Monday, February 14, 2011

Recovery of the laptops supplied without a recovery disc

Laptop makers are divided into those who users a recovery CD (which often gets lost) and those makers who do not provide. Vendors who don't provide the recovery disc to their consumers usually place the original installation of Windows to the special invisible partition along with a program that can deploy this OS installation.
Such a partition is placed in the end of the drive and it becomes invisible to the operating system by the means of HPA.

The recovery process in case of a laptop containing Host Protected Area can be the following:

you press certain set of keys when the system starts up
the BIOS discards HPA
the OS is loaded from the appeared recovery partition
a factory reset utility runs from this partition. Such a tool reformats the hard disk and copies the original copy of Windows to the drive.
As the recovery process is finished, HPA is set again.

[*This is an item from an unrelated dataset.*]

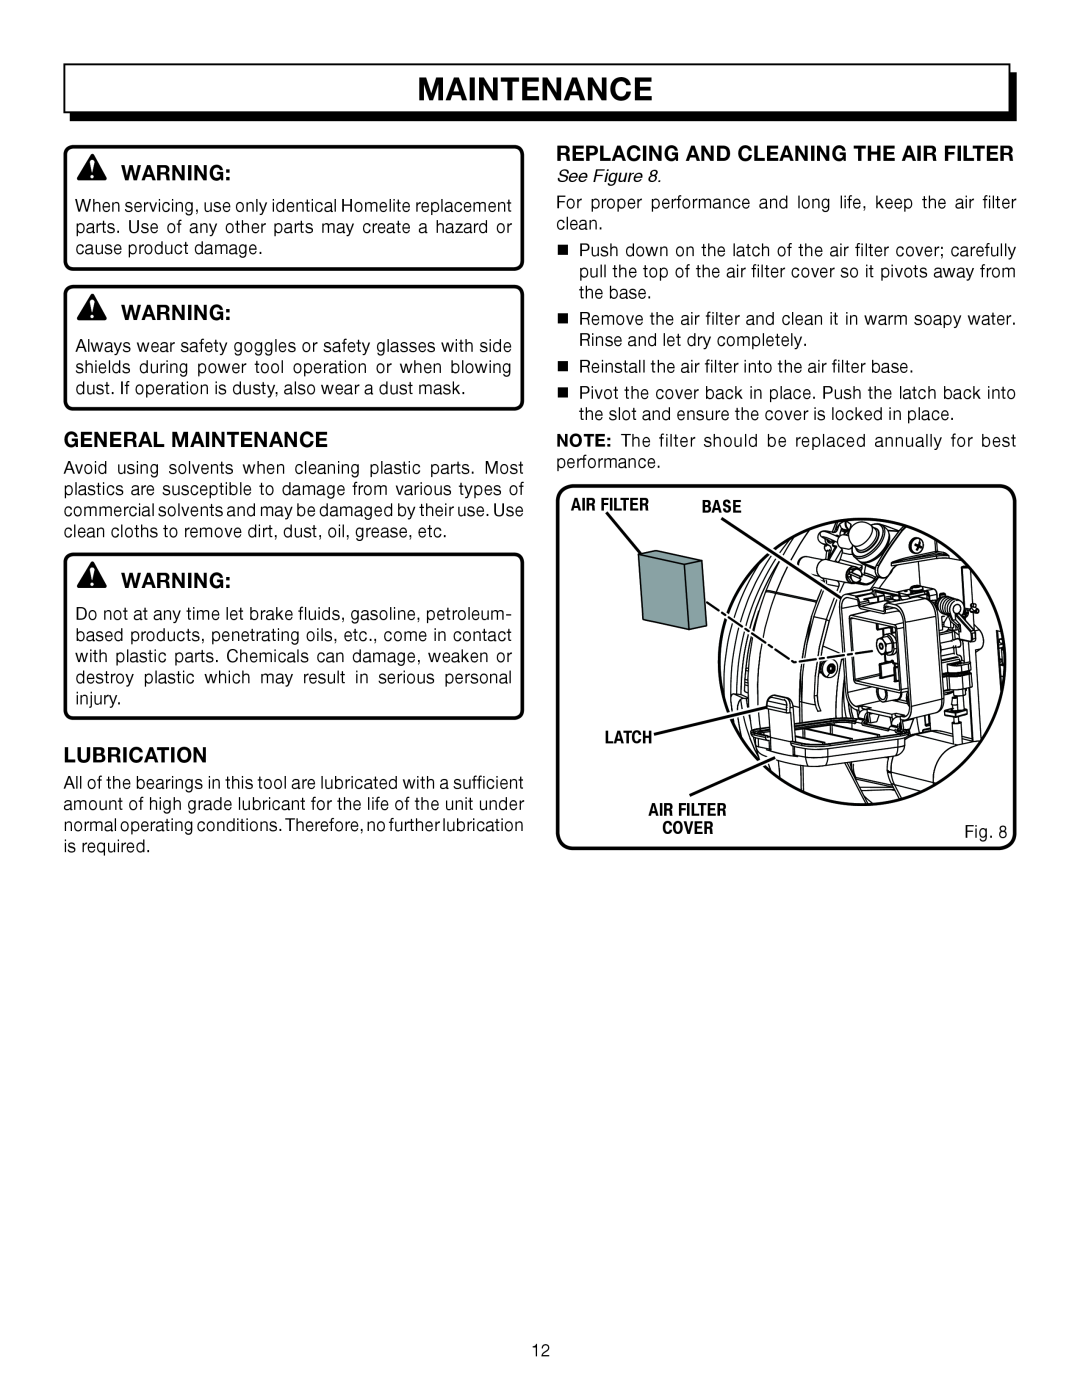 Homelite UT08512B manual Maintenance, Replacing And Cleaning The Air Filter, See Figure, Latch

After the recovery the laptop would be as good as new.

Sunday, January 16, 2011

What is hard drive capacity clipping?

This post deals mostly with legacy hardware, something you regret not having tossed into the garbage years ago.

The maximum size restrictions on a hard drive did exist because the older LBA standard called LBA28 only allowed 28 bits to address a sector. Therefore, there was a limit of 2²⁸ sectors on a hard disk. Given the sector size of 512 bytes, the maximum number of sector addresses is 268435456 sectors, which is precisely 128 gigabytes.

Note that 128 GB (137,438,953,472 bytes) is in fact a little bit more than 137 billion bytes. The drive makers, unlike programmers, use decimal size units speaking about the hard disk size. Because of this, drive vendors can sell a 128GB drive as having size of 137GB (see, e.g., this post).
You can come across a 128GB limit if the mobo is old (something 2002-ish), or while using an OS which is not up to date (similar to Windows 2000 or XP prior to Service Pack 2).
The corrective actions are

Flashing the latest possible mobo BIOS. This may or may not work, depending on the specific mainboard.
Updating the OS. If other components are up to speed, that in most cases solves the problem.

Most often, the reduction in size results from an old hardware or software, incompatible with new drives, there is one notable exception, namely the Host Protected Area.

The HPA is a feature of a hard drive allowing the OS hide a part of the capacity of the hard drive.
This provides some compatibility for legacy computers, because one can use hard disk in an old PC which cannot handle large hard disks.

If turned on inadvertently, the HPA fools the operating system to believe that the hard drive is smaller than it should be. If this is not desired, you can reset the HPA, usually with some vendor-supplied software.